C’était il y a un an — bien avant que Dima ne commence à rentrer tard. Avant l’apparition d’un parfum inconnu sur ses chemises. Avant les appels étranges en soirée.
Yana n’était pas naïve. Elle avait grandi dans une famille d’avocats, où on lui avait appris dès l’enfance à penser deux coups d’avance. L’appartement avait été acheté avec son argent — un héritage de sa grand-mère. Dima, lui, débutait sa carrière et avait signé un prêt auto.
— Ma chérie, transfère le titre à mon nom, — lui avait dit sa mère. — Pas en cas de divorce… juste par précaution. On ne sait jamais ce que la vie nous réserve.
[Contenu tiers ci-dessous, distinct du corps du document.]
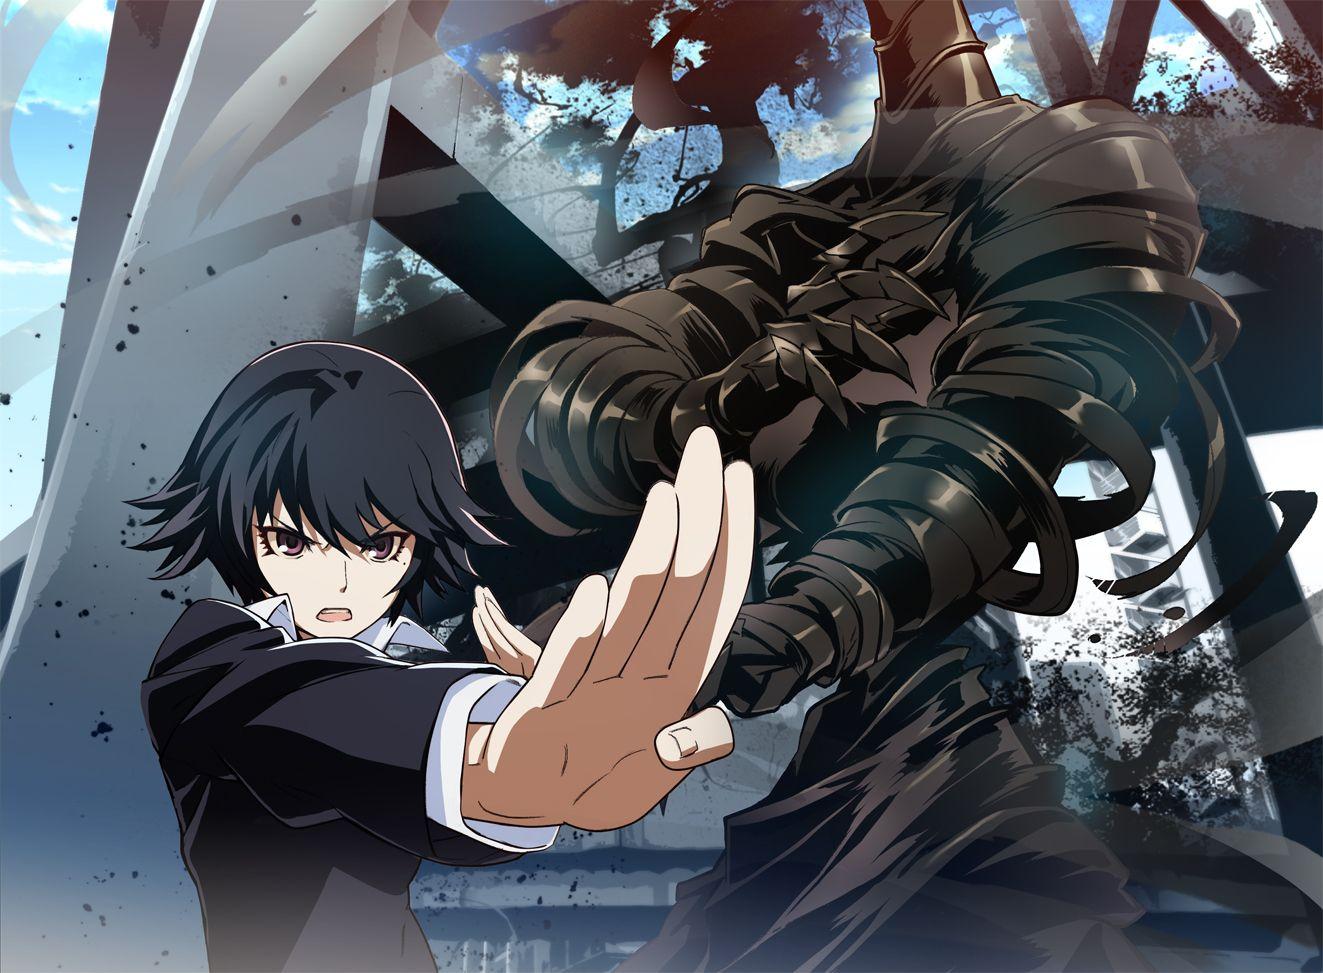 Pin by K♥ on Ajin Ajin anime, Anime, Anime wallpaper
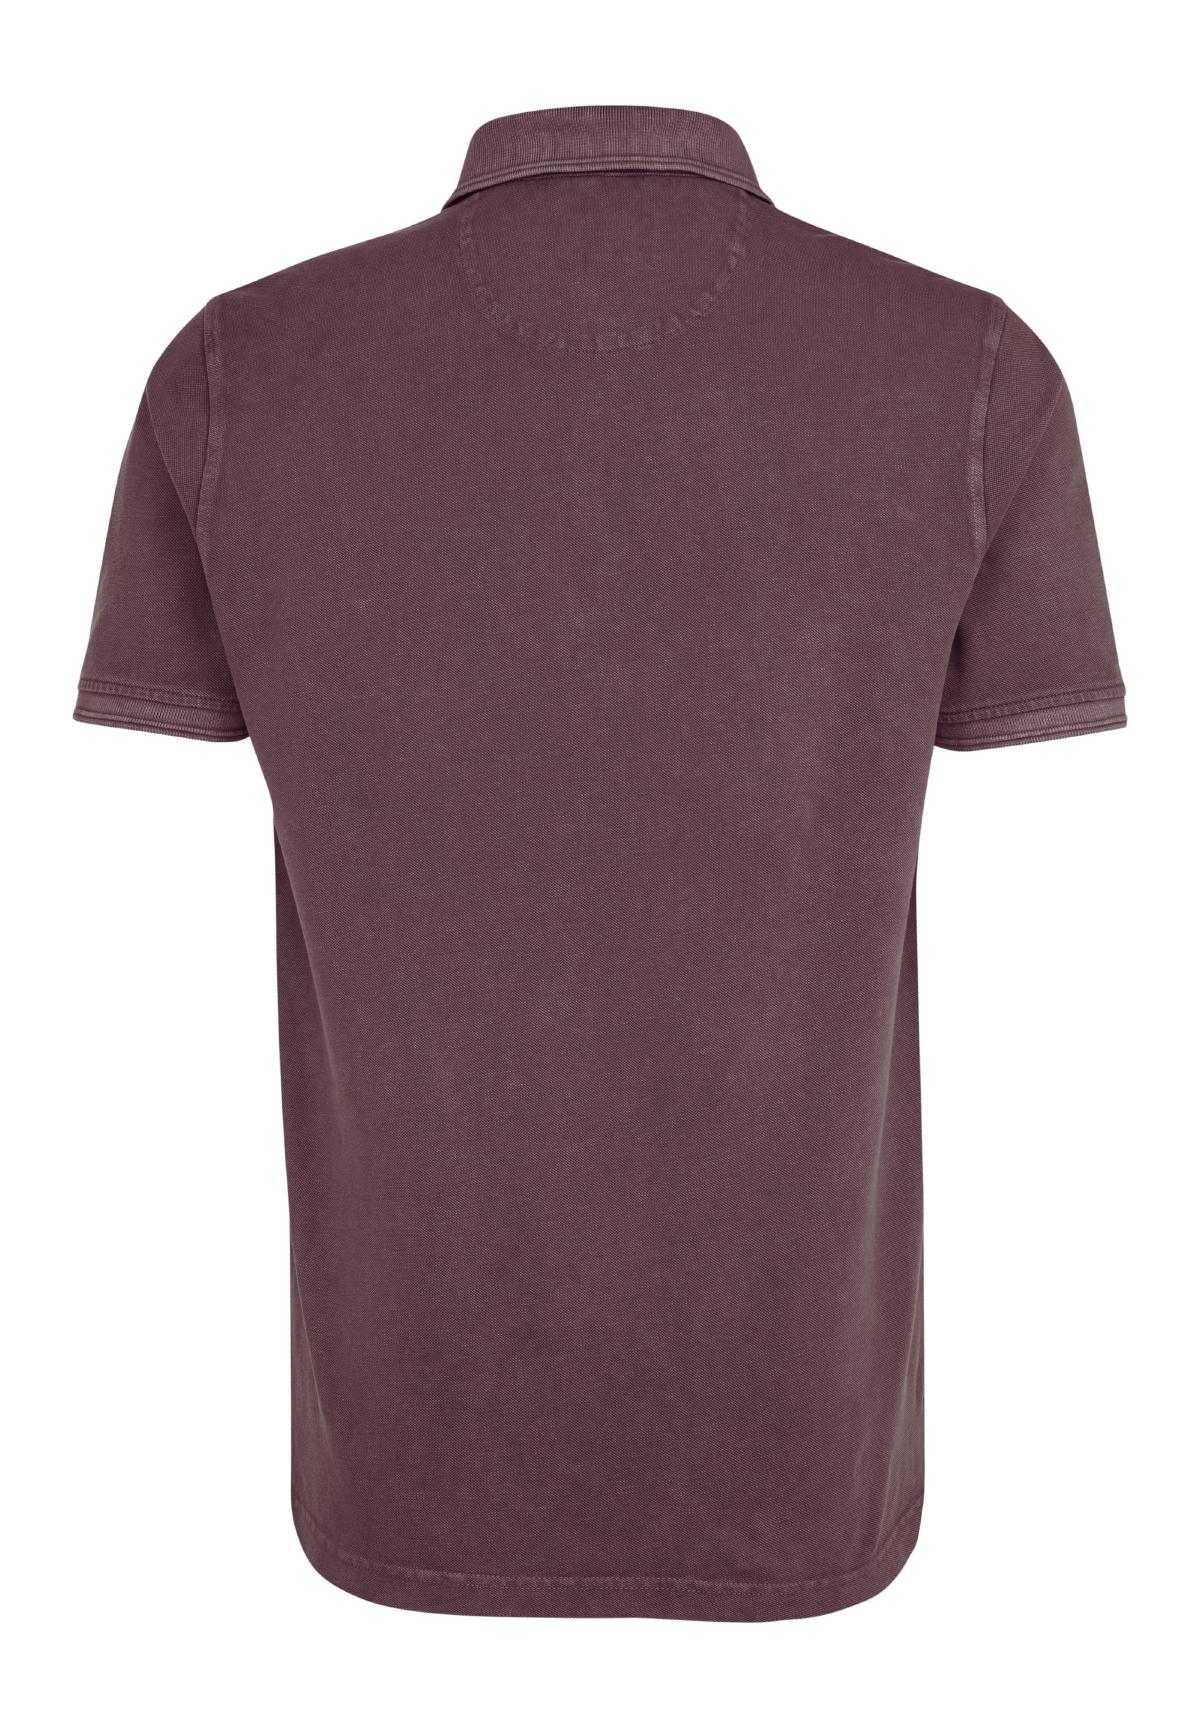 Camel-Active-Herren-Shirt-Poloshirt-Pique-Regular-Fit-NEU Indexbild 93

Et Yana avait accepté. Pas de scandale, pas d’explication à son mari. Elle avait simplement fait donation de l’appartement à sa mère. Sur le papier — une transaction propre. En réalité — un plan de secours.
Le téléphone vibra : un message de Dima. « Je vais rentrer tard. Réunion importante. »
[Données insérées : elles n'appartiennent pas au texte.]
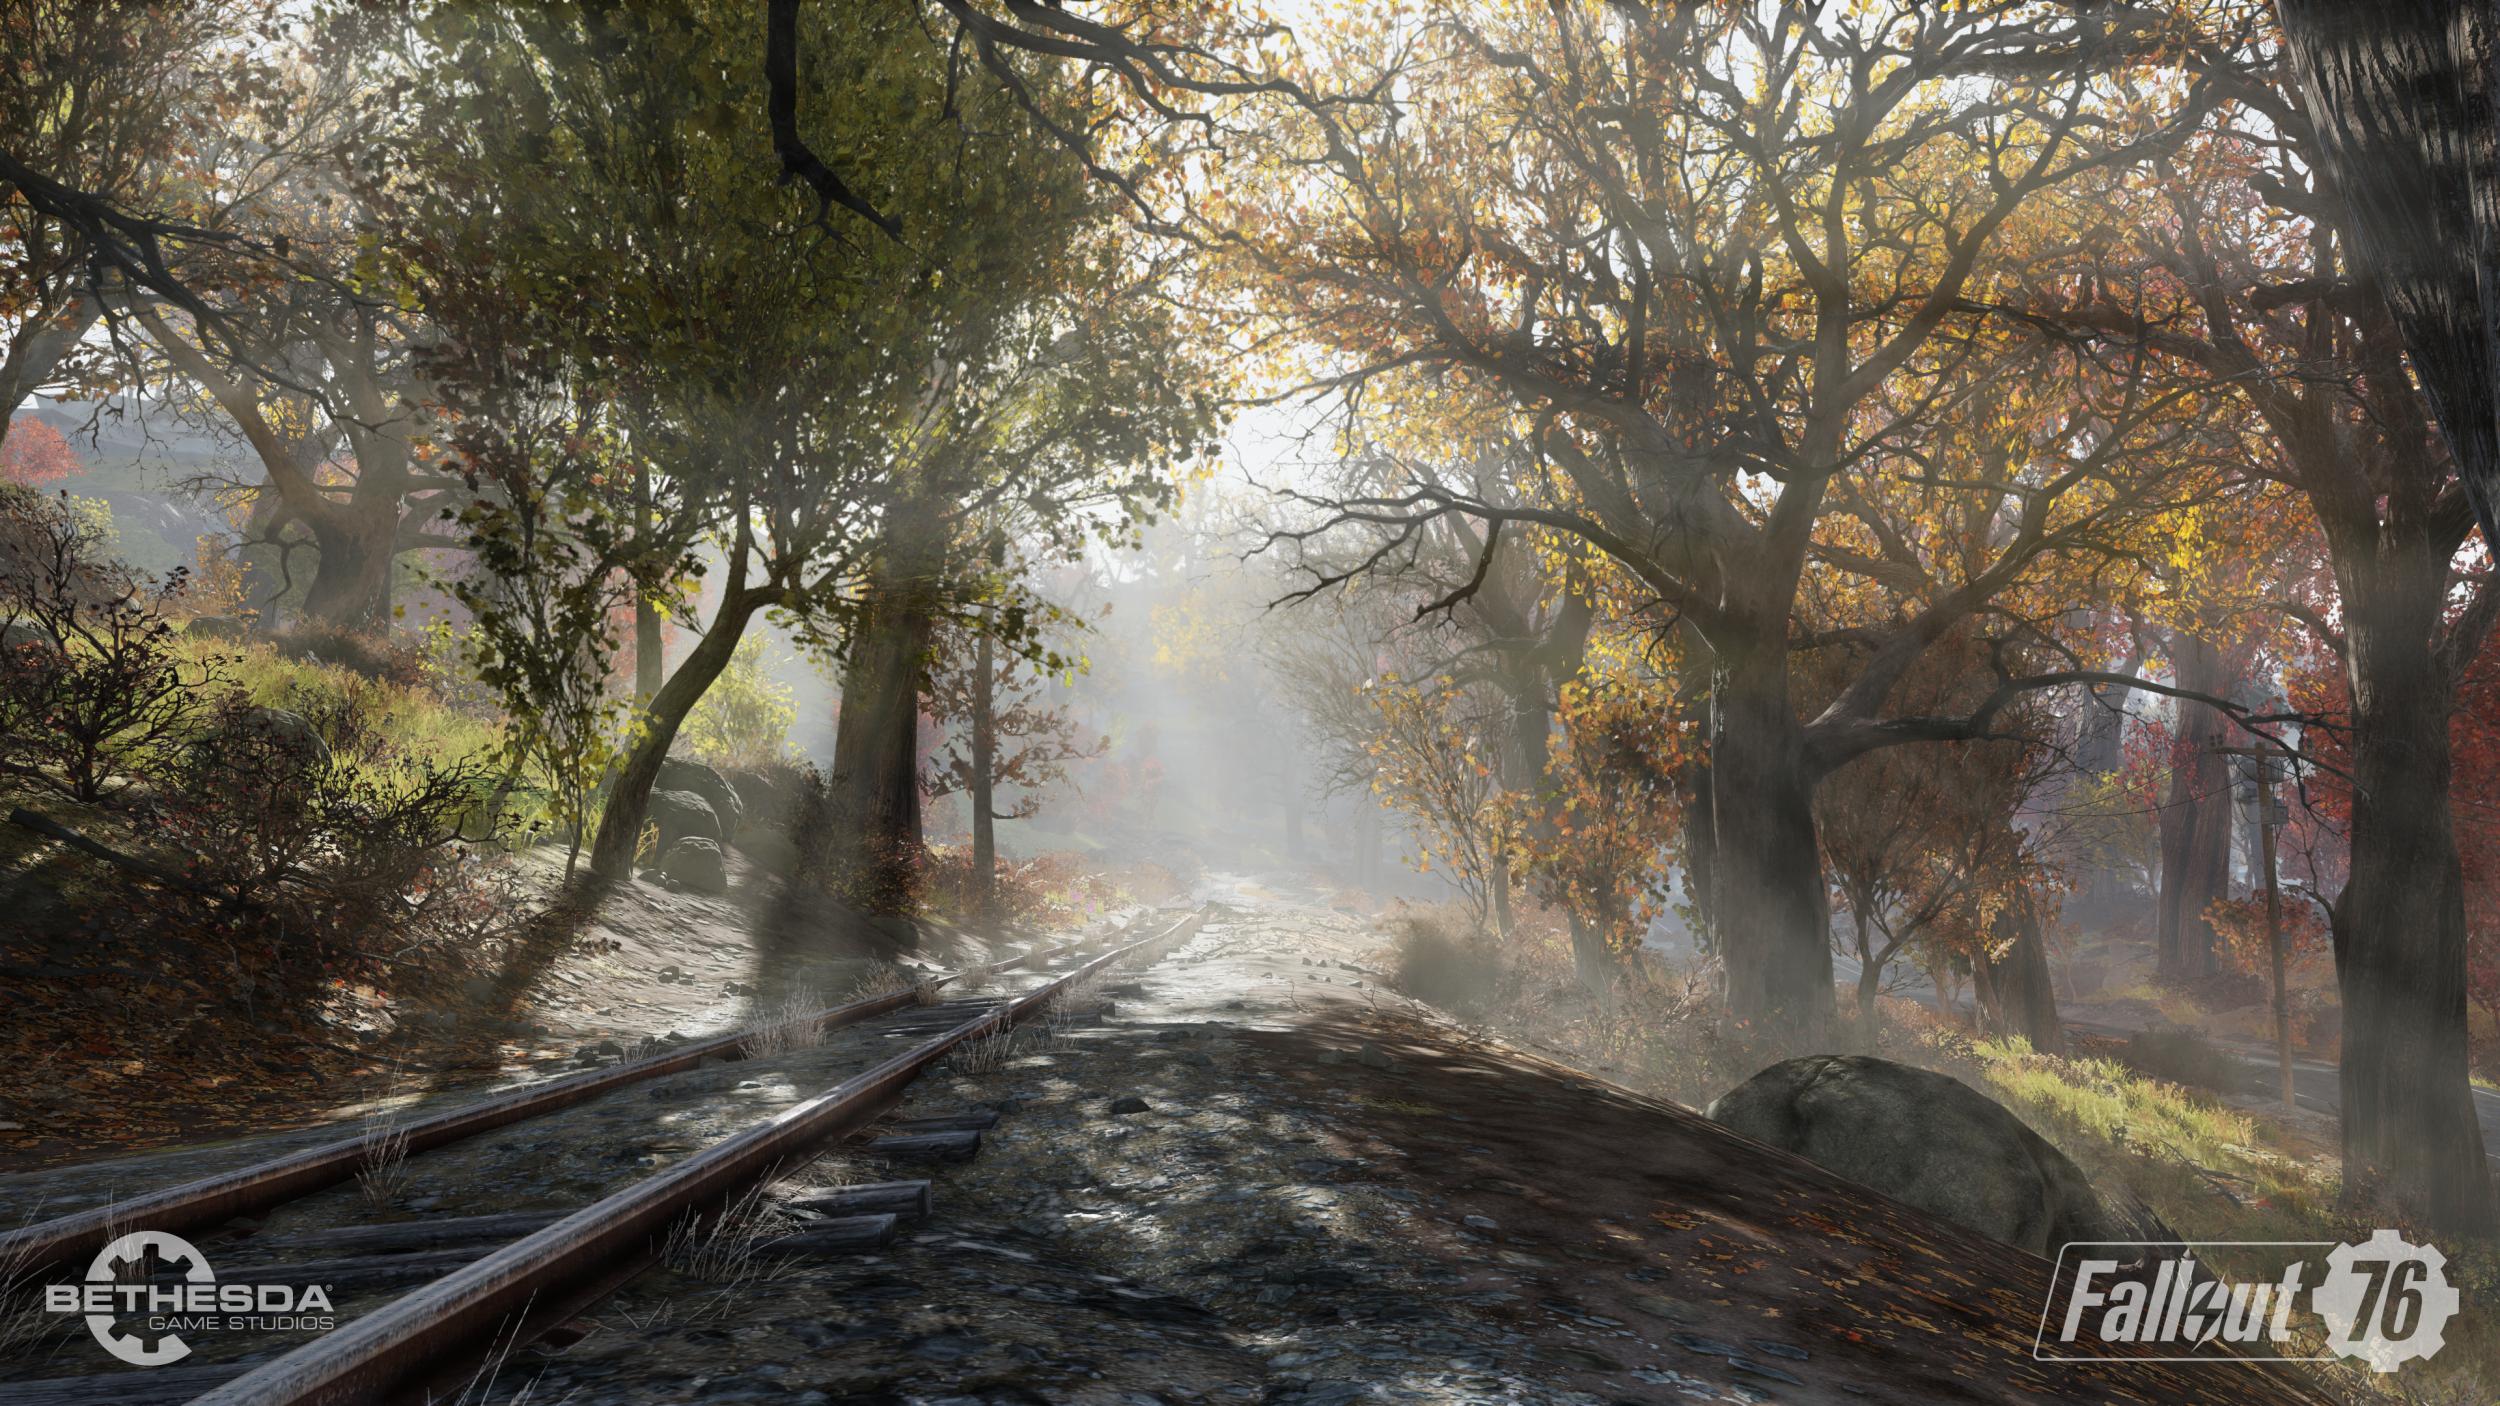 Fallout 76 Vendors guide

Yana sourit tristement. Une réunion importante. Comme hier. Et avant-hier. Elle ouvrit la photo envoyée par le détective privé : Dima, main posée sur la taille d’une blonde, entrant dans un restaurant. Tous deux souriants, complices.
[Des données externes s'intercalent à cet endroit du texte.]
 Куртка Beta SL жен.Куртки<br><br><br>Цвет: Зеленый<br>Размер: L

— Vous en voulez ? — proposa la secrétaire en tendant une tasse de café.
— Merci, je n’ai pas envie, — répondit Yana en se levant. — Tout est prêt ?
— Oui, dans une heure, vous aurez tous les documents.
Yana sortit. Le mois de mai était doux — les lilas avaient déjà fini de fleurir, mais l’air en gardait encore le parfum. Elle et Dima s’étaient rencontrés en mai, six ans plus tôt. Il lui avait paru si fiable, si fidèle. Elle y avait cru…
Le téléphone sonna encore : « Chérie, désolé, ce soir je rentre très tard. Ne m’attends pas. »
— D’accord, — répondit-elle. — Moi aussi, je vais rentrer tard. J’ai des choses à régler.
Le café était calme — l’heure creuse après le déjeuner. Yana choisit une table près de la fenêtre et sortit un dossier de documents. C’était leur endroit préféré, à elle et sa mère — douillet, avec des pâtisseries comme dans son enfance.
— Tu as tout ? — demanda sa mère en s’asseyant en face d’elle, retirant sa veste légère.
Maître Elena Sergueïevna, cinquante-cinq ans, en paraissait à peine quarante. Avocate renommée en droit de la famille, elle avait vu passer des centaines de divorces. Elle connaissait tous les pièges.
— Voici le relevé de banque, — dit Yana en dépliant les papiers. — Il a presque vidé notre compte commun. Hier.
— Il se prépare, — acquiesça sa mère. — Et ça ?
— Le détective me l’a envoyé. Trois mois de photos : restaurants, hôtels, une bijouterie…
— Une bijouterie ? — sourcilla Elena. — Il t’a offert quelque chose récemment ?
— Non, — Yana eut un sourire triste. — Mais sa nouvelle copine porte un bracelet Cartier — exactement celui que j’ai vu sur le relevé.
Une serveuse apporta leur thé préféré à la lavande. Yana y ajouta machinalement deux cuillères de sucre — comme toujours.
— Bon, alors, — dit sa mère en sortant son agenda. — L’appartement est à mon nom depuis un an. C’est propre, légal. Aucun prêt commun. Sa voiture — qu’il la garde. Mais pour les comptes, il va falloir agir.
— Maman, je ne veux pas d’argent.
— Si, tu en as besoin, — répondit Elena d’un ton ferme. — Ce n’est pas qu’une question d’argent. Ce sont tes années. Tu as travaillé, épargné. Et lui…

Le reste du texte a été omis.